▶ **Collected data**:
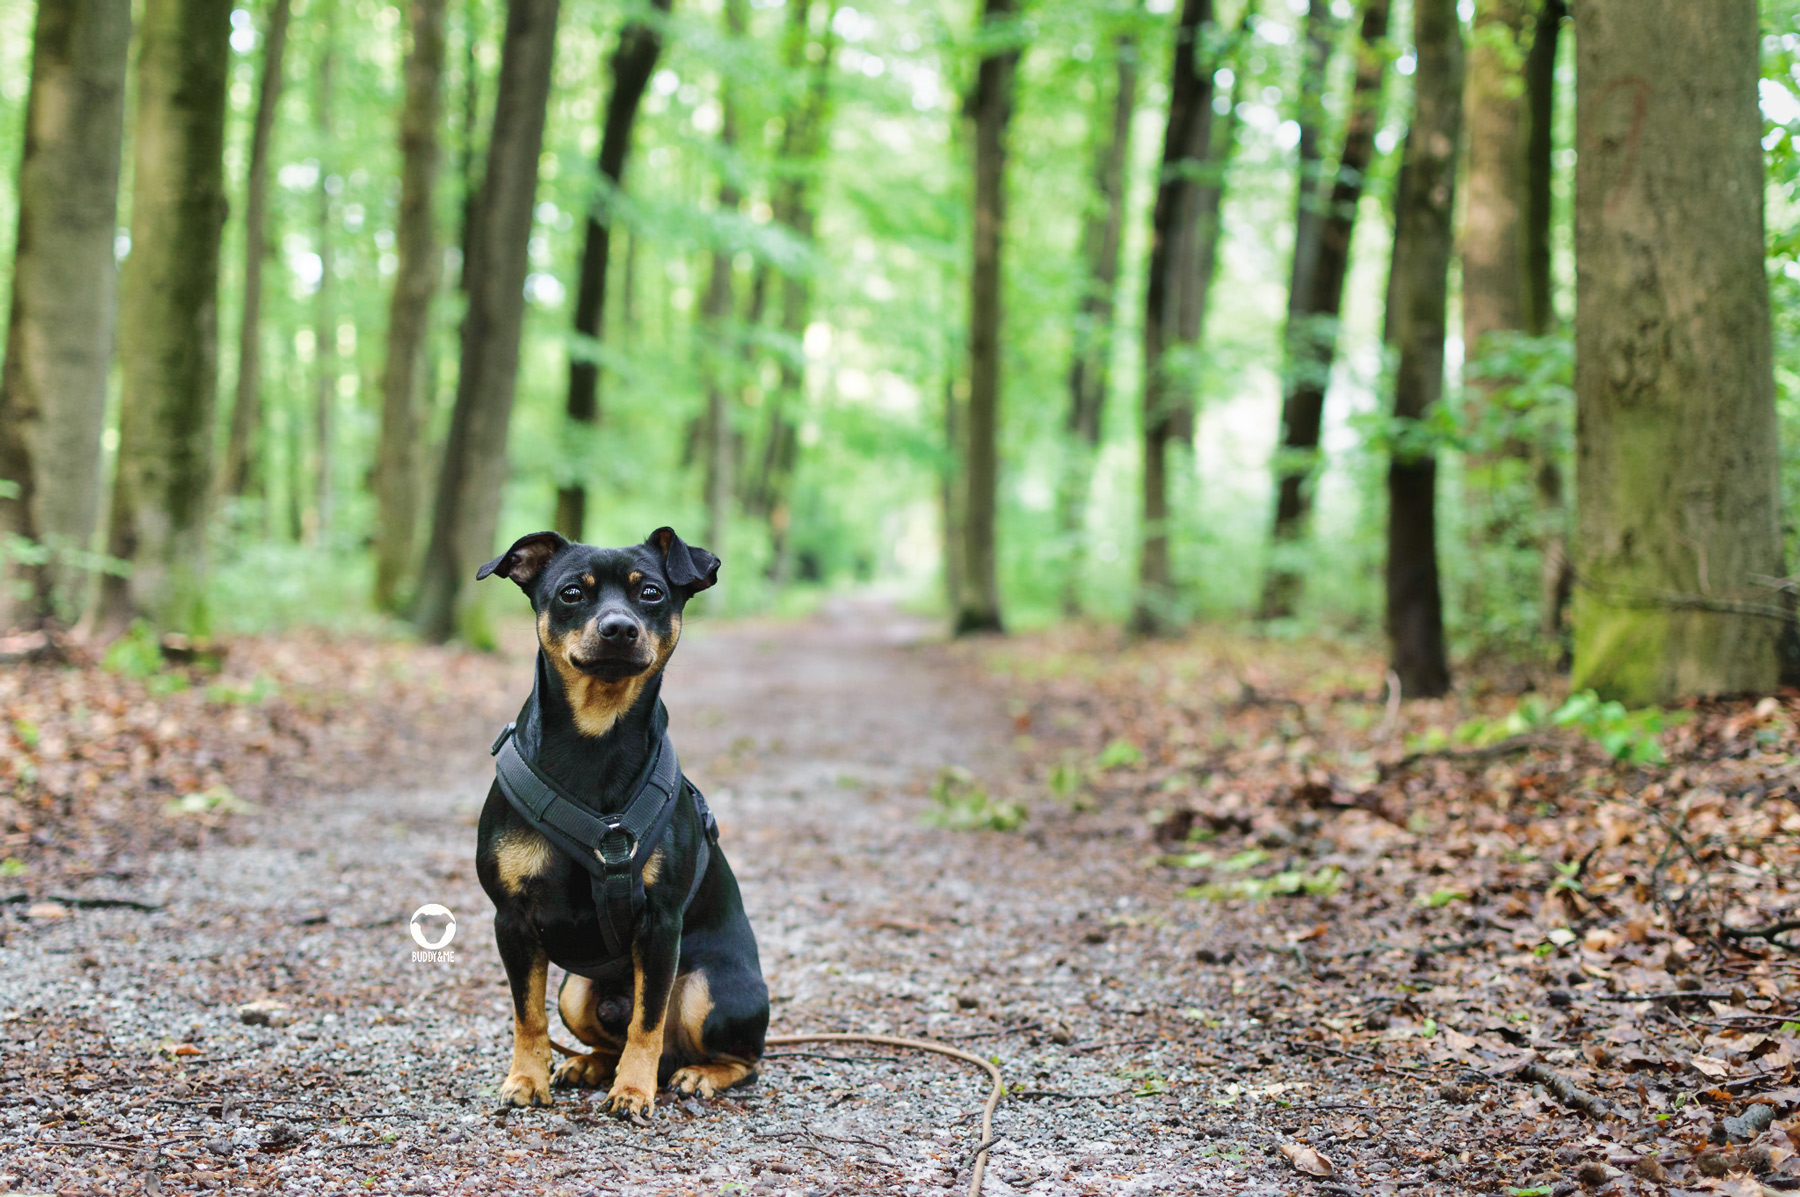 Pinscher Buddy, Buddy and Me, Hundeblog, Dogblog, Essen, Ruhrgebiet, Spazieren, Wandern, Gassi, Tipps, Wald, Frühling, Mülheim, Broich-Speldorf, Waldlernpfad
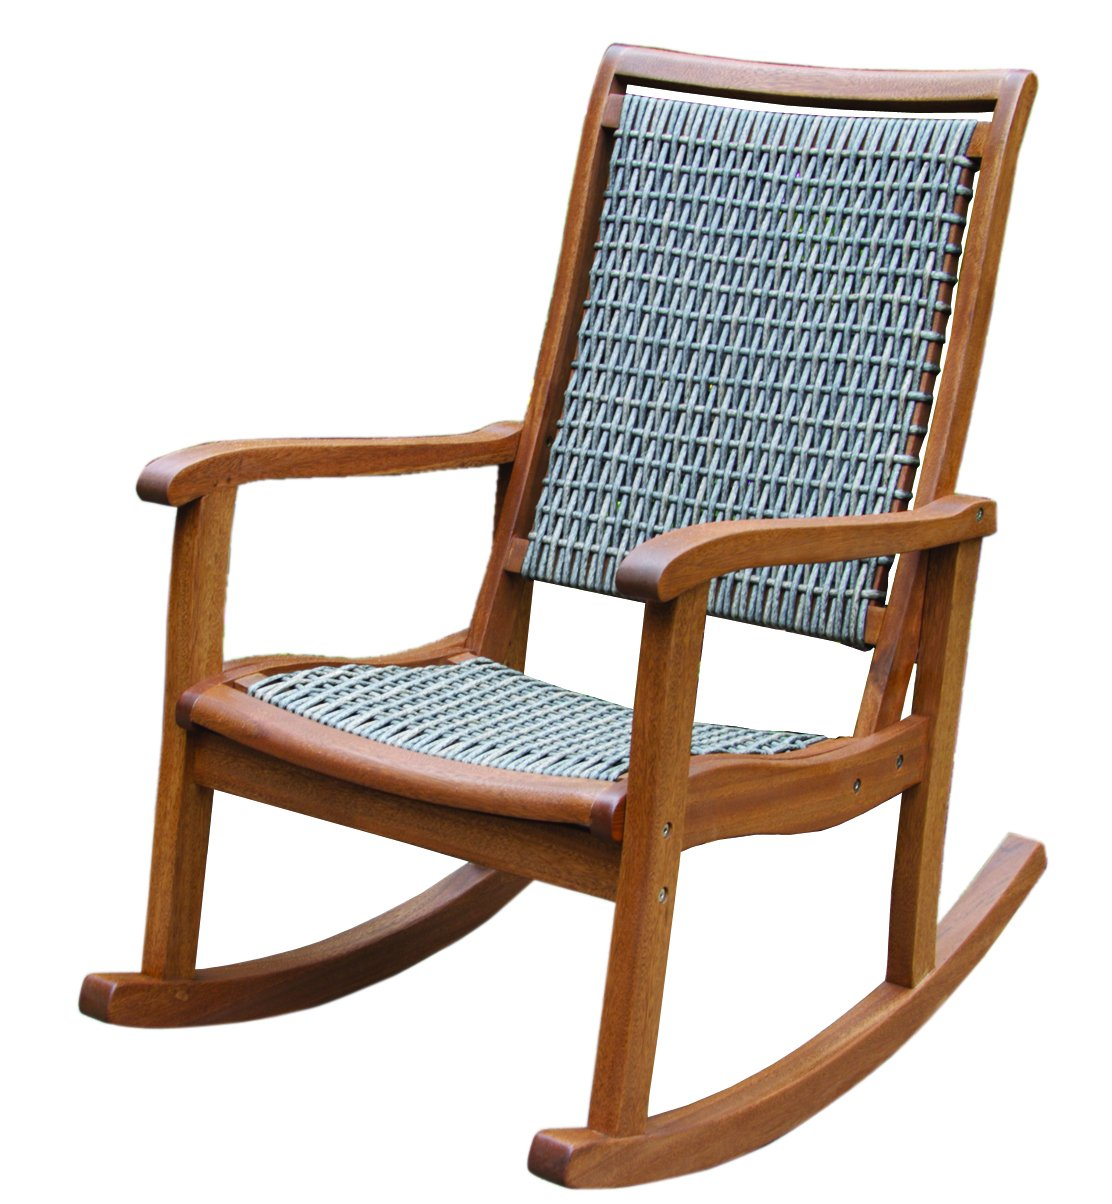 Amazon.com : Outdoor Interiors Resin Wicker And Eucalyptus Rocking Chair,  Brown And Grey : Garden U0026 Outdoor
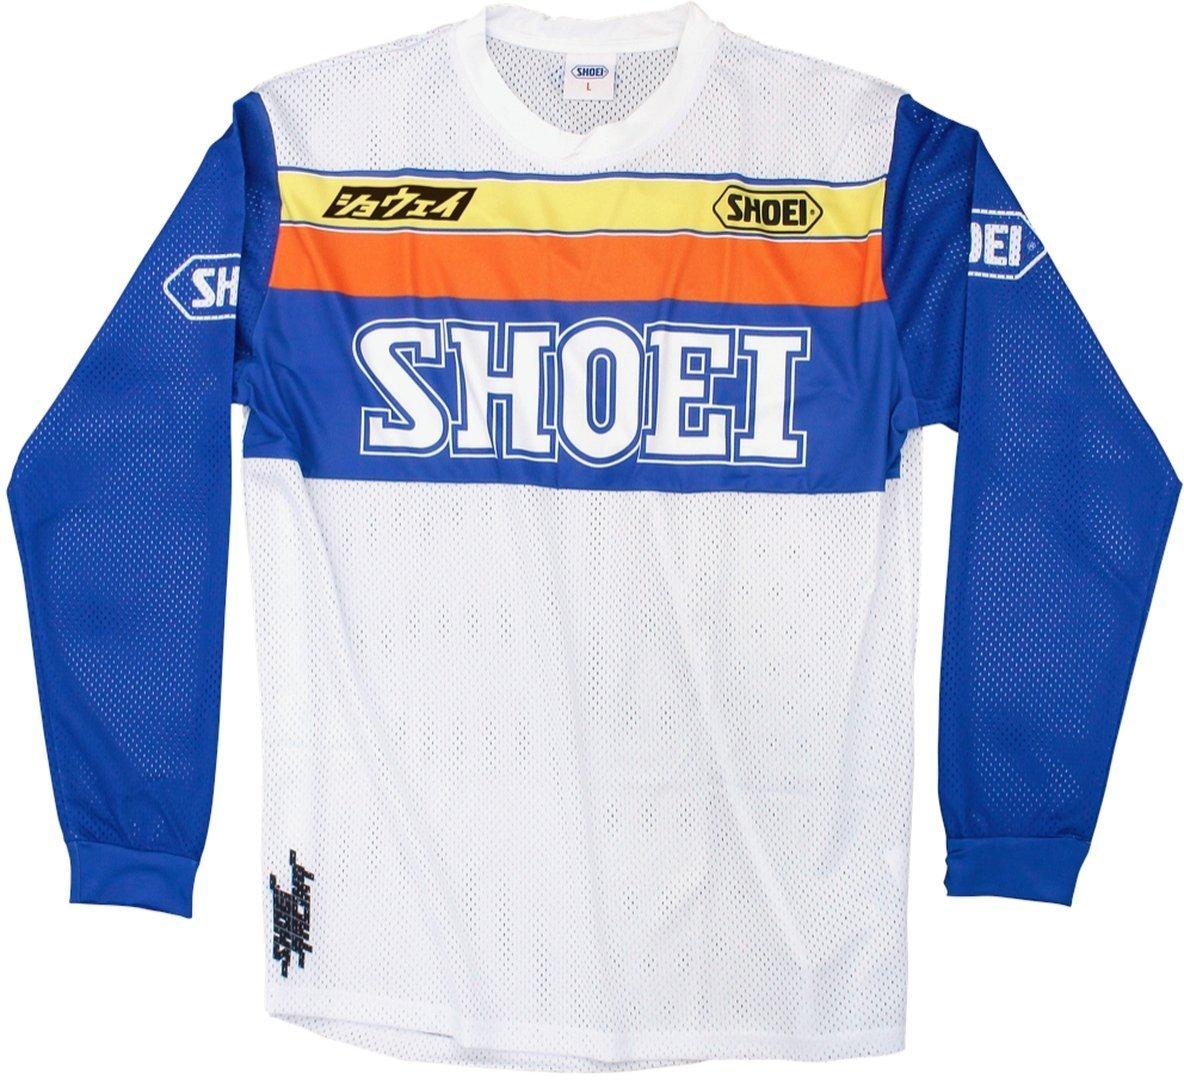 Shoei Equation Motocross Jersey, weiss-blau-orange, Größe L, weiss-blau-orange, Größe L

▶ **Work instructions**: Only the pictures are to be left out; restate everything else in the listing word for word.

▶ **Answer box**:
 Pinscher Buddy, Buddy and Me, Hundeblog, Dogblog, Essen, Ruhrgebiet, Spazieren, Wandern, Gassi, Tipps, Wald, Frühling, Mülheim, Broich-Speldorf, Waldlernpfad
 Amazon.com : Outdoor Interiors Resin Wicker And Eucalyptus Rocking Chair,  Brown And Grey : Garden U0026 Outdoor
 Shoei Equation Motocross Jersey, weiss-blau-orange, Größe L, weiss-blau-orange, Größe L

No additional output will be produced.